Last weekend in the suburbs, Ellen “Treffly” Coyne took her children to Wal-Mart to donate some money to Salvation army. As a result she was arrested.
“My 2-year-old had fallen fast asleep,” Coyne said. “It was sleeting, and I said, ‘I’m not going to risk carrying my kid and falling.’”
Pretty sound thinking if you ask me.
So she turned off the engine, put her hazard lights on, locked the car and walked 30 feet from the car to get a few snapshots of the girls, Coyne said.
“I was always within ear- and eyeshot of the car,” Coyne said. “It was a five-minute affair.”
But that was enough time to get the mother of three in serious trouble with the law.
Coyne said when she turned around, a uniformed police officer was standing by her car and told Coyne, “You’re not going anywhere.”
She was not only arrested for child endangerment but like any reasonable person she resisted being arrested. (Resisting arrest has to be the most prevalent charge in America, right?)
So according to the police officer she was endangering her daughter. How did the agents of the state rectify this?

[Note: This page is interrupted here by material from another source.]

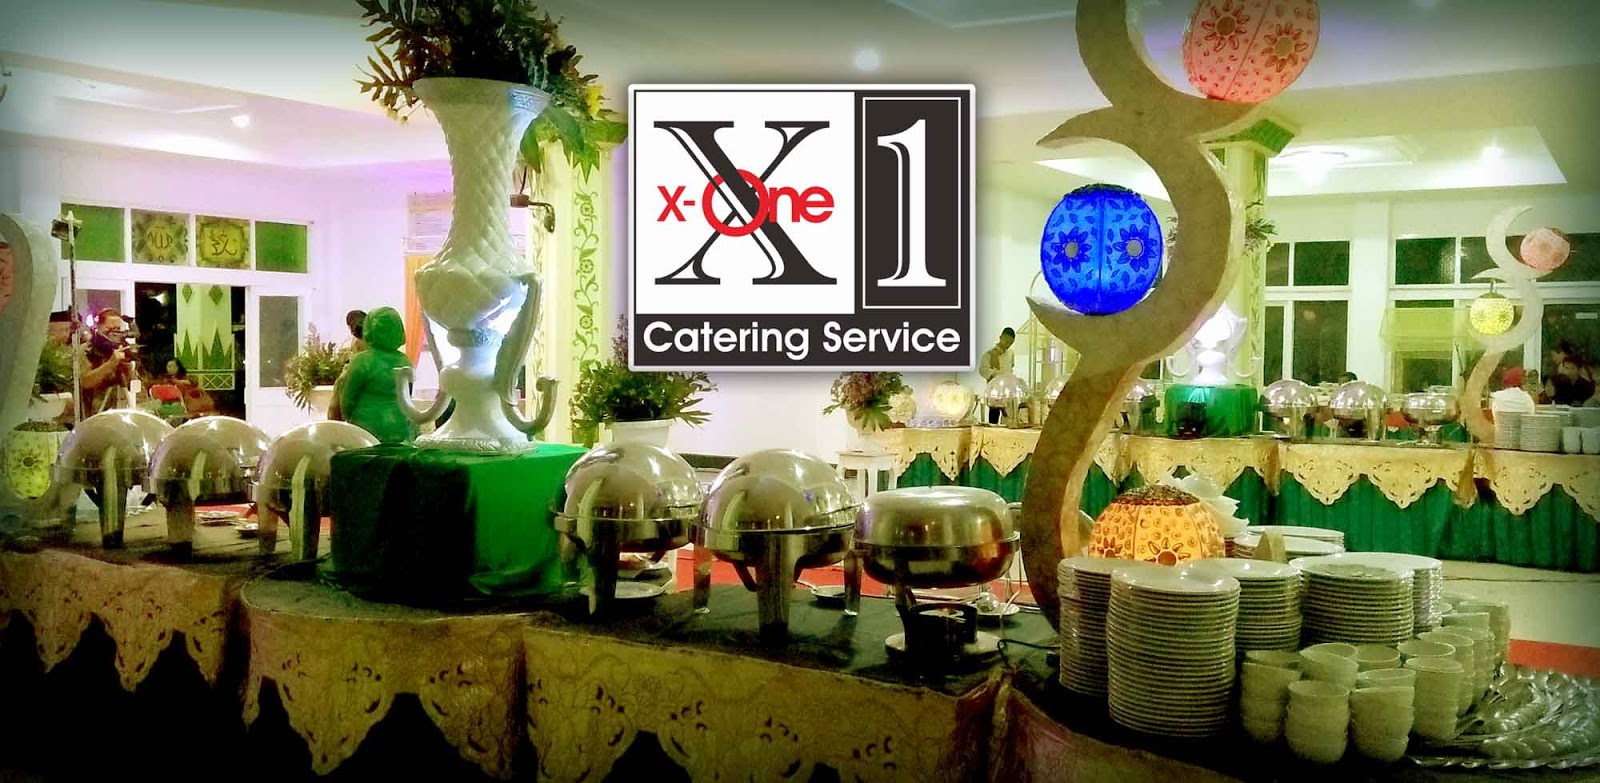 X-One Catering

Officers then went to her car and started the engine with the baby inside — “exposing my child to carbon monoxide poisoning,” Coyne said. She assumed the other girls were in police custody.
She assumed wrong. The great protector of children had …
“…abandoned my other daughters at the Wal-Mart,” said Janecyk, who eventually found them seated on a bench in the Wal-Mart. “I asked them why they didn’t ask for help, but they said the police scared them.”
Is it possible we live in a police state, but generally have not realized it yet?